- Born: Frederick Finley Hamm September 7, 1887 New Point, Missouri, U.S.
- Died: July 14, 1931 (aged 43) Chicago, Illinois, U.S.
- Resting place: Mount Mora Cemetery, St. Joseph, Missouri
- Education: University of North Carolina
- Occupations: Bandleader, arranger
- Years active: 1916 – 1930
- Known for: "Bye Bye Blues"
- Spouse(s): Irene Hastings (m. 1920)
- Children: 2

= Fred Hamm =

American jazz bandleader and singer (1887–1931)

Frederick Finley Hamm (September 7, 1887 – July 14, 1931) was an American jazz bandleader, arranger, cornetist, singer, and songwriter, perhaps best remembered as co-writer of the song "Bye Bye Blues".

==Early life and career==
Born on September 7, 1887, in New Point, Missouri, Hamm was the son of Mary (née Thorpe) and Belden Hamm.

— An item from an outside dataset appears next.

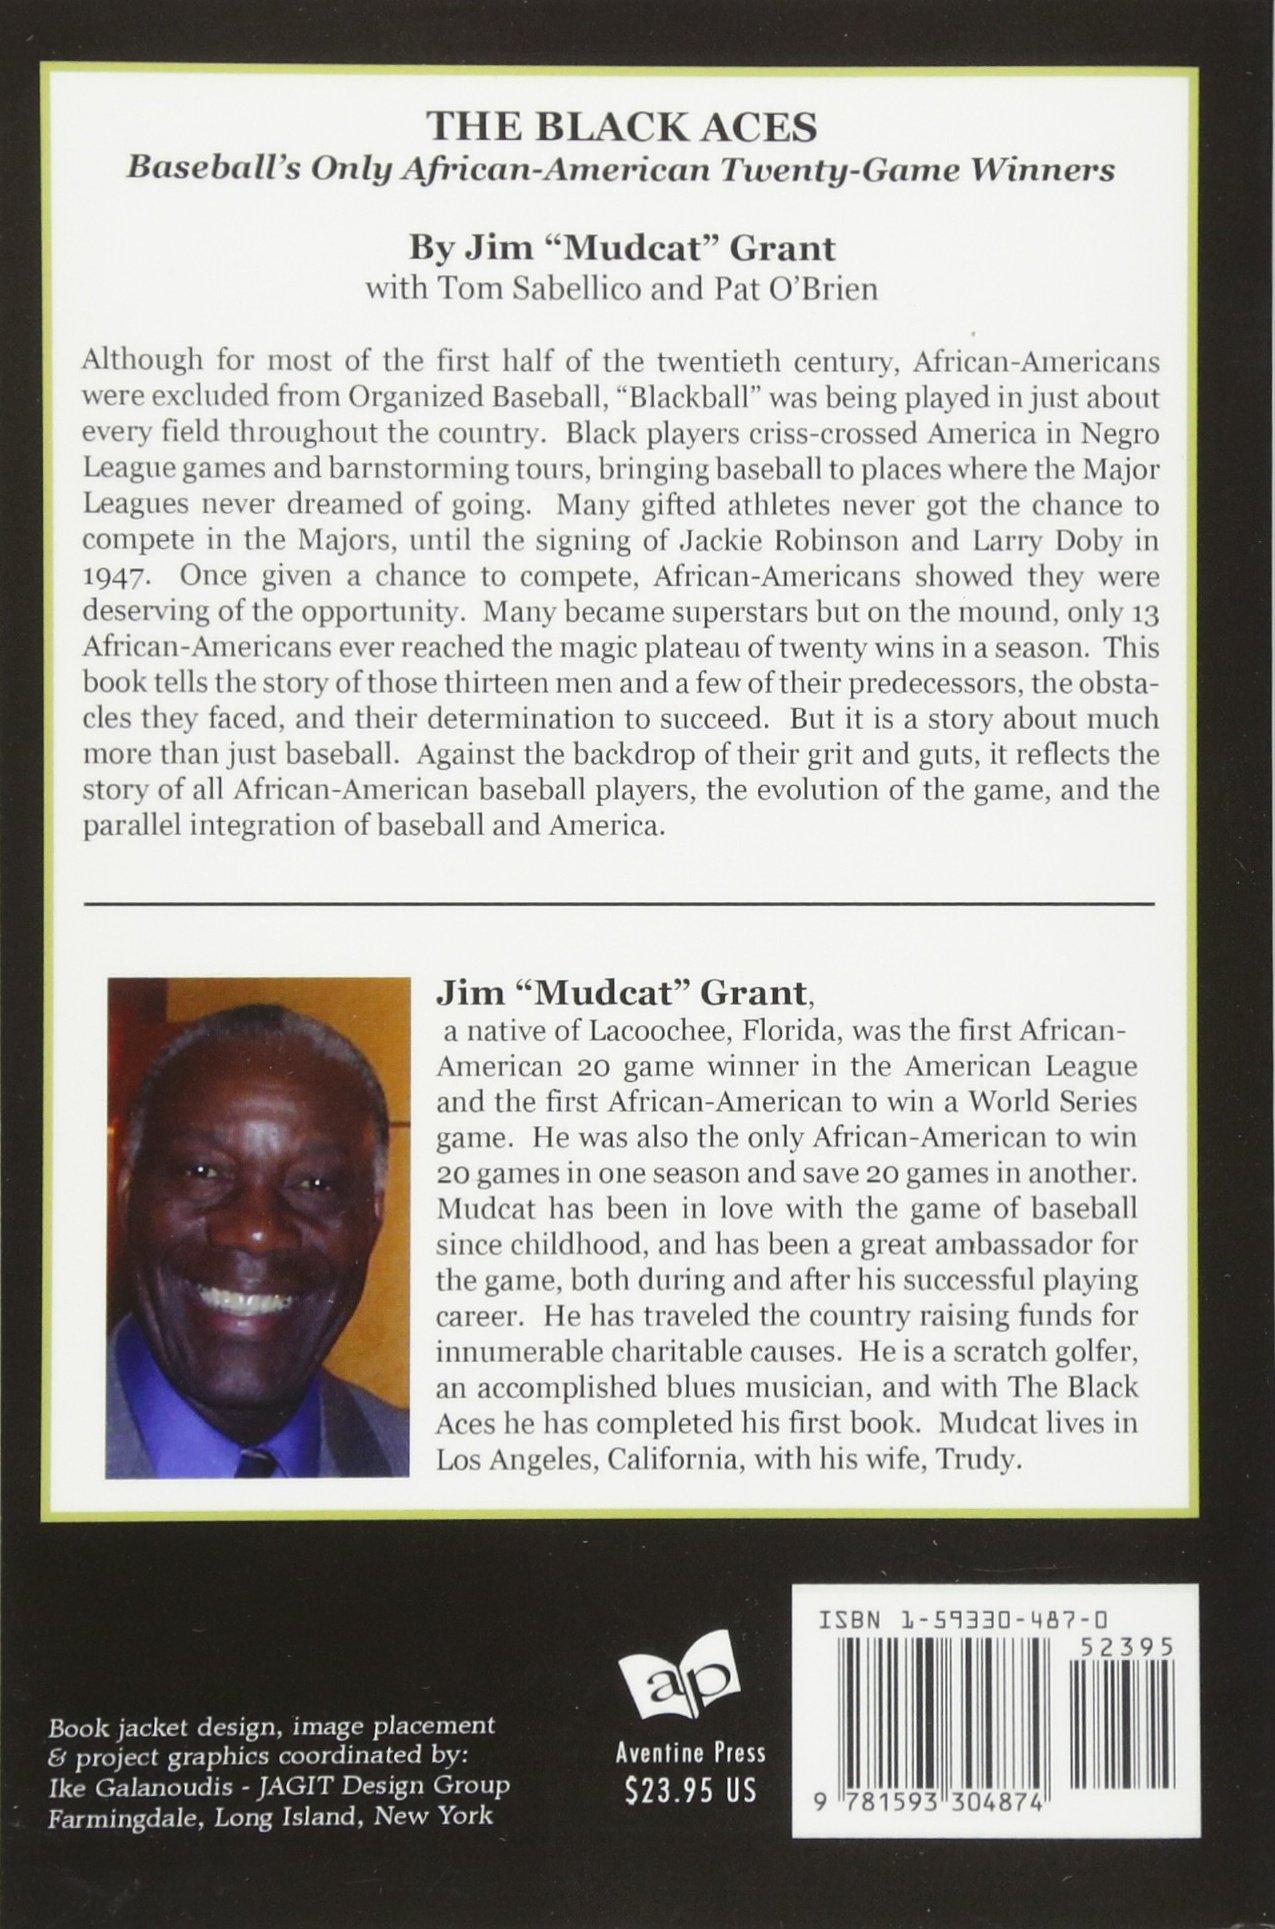 Designer deals club for hancock - The Black Aces Baseball S Only African American Twenty Game Winners Jim Mudcat Grant Tom Sabellico Pat O Brien 9781593304874 Amazon Com Books

After his father's death in 1892, the family moved to nearby Oregon, where, as early as June 1896, the then 8-year-old Hamm's vocal skills,—on display during the annual observation of Children's Day at a local church—were duly noted by the Holt County Sentinel.
We would be pleased to give the program were it not so long. We will content ourselves, however, by mentioning some of the features, which were Master Fred Hamm's tenor, showing that he possesses a magnificent voice for so young a child, [and especially] Hamm's solo, 'Don't Sell Him Another Drink.'

In 1918, Hamm graduated from Oregon High School.

In 1925 he took over the leadership of the Benson Orchestra (founded by Edgar Benson). He sang and played the cornet. Among the members of his band were Dave Bennett (who played clarinet and alto saxophone), Chauncey Gray (piano), and Bert Lown (violin). With Bennett, he co-wrote "Bye Bye Blues" in early 1925.

==Personal life==
In 1920, Hamm was married in Chicago to Mrs. Irene Laura Cook (née Hastings), with whom he had two children, both sons.

On Wednesday, June 14, 1931, following an illness of approximately five months, Hamm, aged 43, died at his home in Chicago. In accordance with his wishes, Hamm's remains are interred at Mount Mora Cemetery, alongside those of his mother.